Clearing suggestedViewId when the ChannelException is thrown is the fix;

@@ -500,6 +500,7 @@ public class NonBlockingCoordinator extends ChannelInterceptorBase {
                 processCoordMessage(cmsg, msg.getAddress());
             }catch ( ChannelException x ) {
                 log.error("Error processing coordination message.

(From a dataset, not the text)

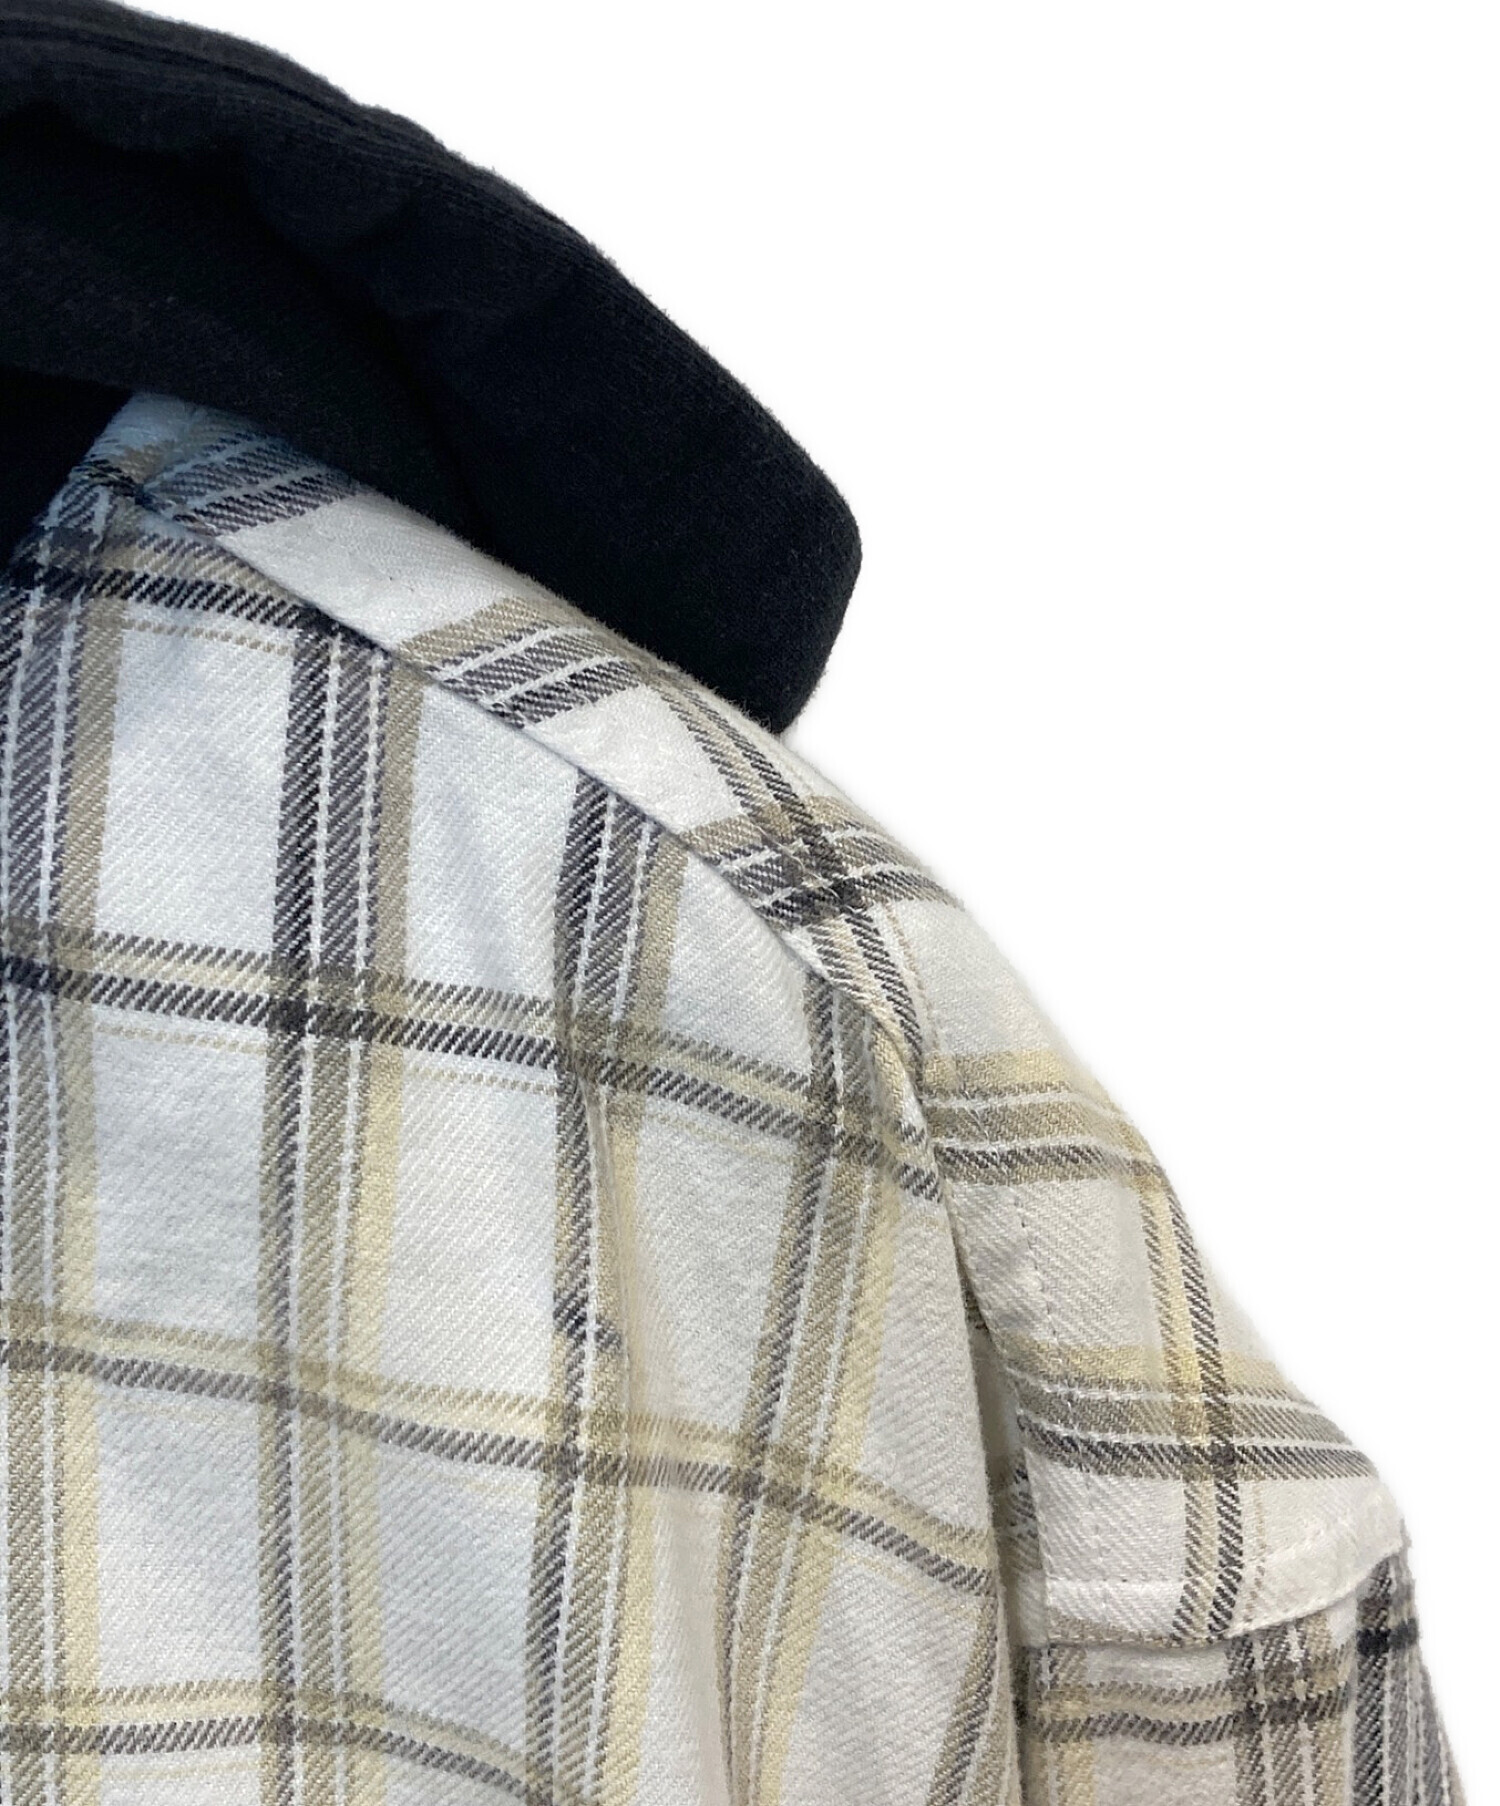 SUPREME (シュプリーム) Dickies (ディッキーズ) Plaid Hooded Zip Up Shirt /  プレイドフードジップアップシャツ ホワイト×ブラック サイズ:XL

Could be fatal.",x);
+                suggestedviewId = null;                

this probably should only be done under some circumstances, so this isn't obviously a safe patch. Hopefully the author will have a better fix!

Comment 2 Filip Hanik 2008-06-26 08:05:07 UTC
hi Rob, 
the non blocking coordinator is still work in progress. Its one piece of code that got a bit over complicated once I started developing it, and I think it can be greatly simplified

I will take a look at this beginning of next week

Comment 3 Robert Newson 2008-06-26 08:16:13 UTC
I made my own coordinator which simply uses a sorted list of getMembers() + getLocalMember(), though it only installs views if the membership remains unchanged for a few seconds to avoid a little storm of view changes. Obviously it's a much weaker form of view management than your attempting, but it's probably good enough for my purposes.

Let me know when you get to this, I can test it out.
Comment 4 Robert Newson 2008-06-26 10:16:13 UTC
Created attachment 22179 [details]
An alternative coordinator that makes local decisions based on membership service

Happy to release this class under the Apache License. Let me know what you need from me.
Comment 5 Filip Hanik 2008-06-26 10:38:33 UTC
Just submit a 

and email a scanned copy to 
secretary [at) apache [dot] org
Comment 6 Mark Thomas 2008-10-01 08:46:18 UTC
For a contribution of a single class, the statement in comment #4 is more than enough. No need for a CLA.
Comment 7 Mark Thomas 2008-12-28 16:35:29 UTC
Many thanks for the patch. I have applied it to trunk and proposed it for 6.0.x. I made the following changes:
- changed package to org.apache.catalina.tribes.group.interceptors
- changed class name to SimpleCoordinator
- added the AL2 text to the beginning of the file
Comment 8 Robert Newson 2008-12-30 06:35:08 UTC
Thanks. I have since moved on to use a custom stack for group membership. I found an excellent paper which describes a robust mechanism for leader election. The paper also extends that algorithm to make a robust group membership protocol too.


Comment 9 Mark Thomas 2008-12-30 09:59:01 UTC
An updated patch is always welcome.
Comment 10 Robert Newson 2008-12-30 11:00:48 UTC
My comment was misleading. The "custom stack" in question is not based on Tribes at all.
Comment 11 Mark Thomas 2009-01-14 16:16:05 UTC
This has been applied to 6.0.x and will be included in 6.0.19 onwards.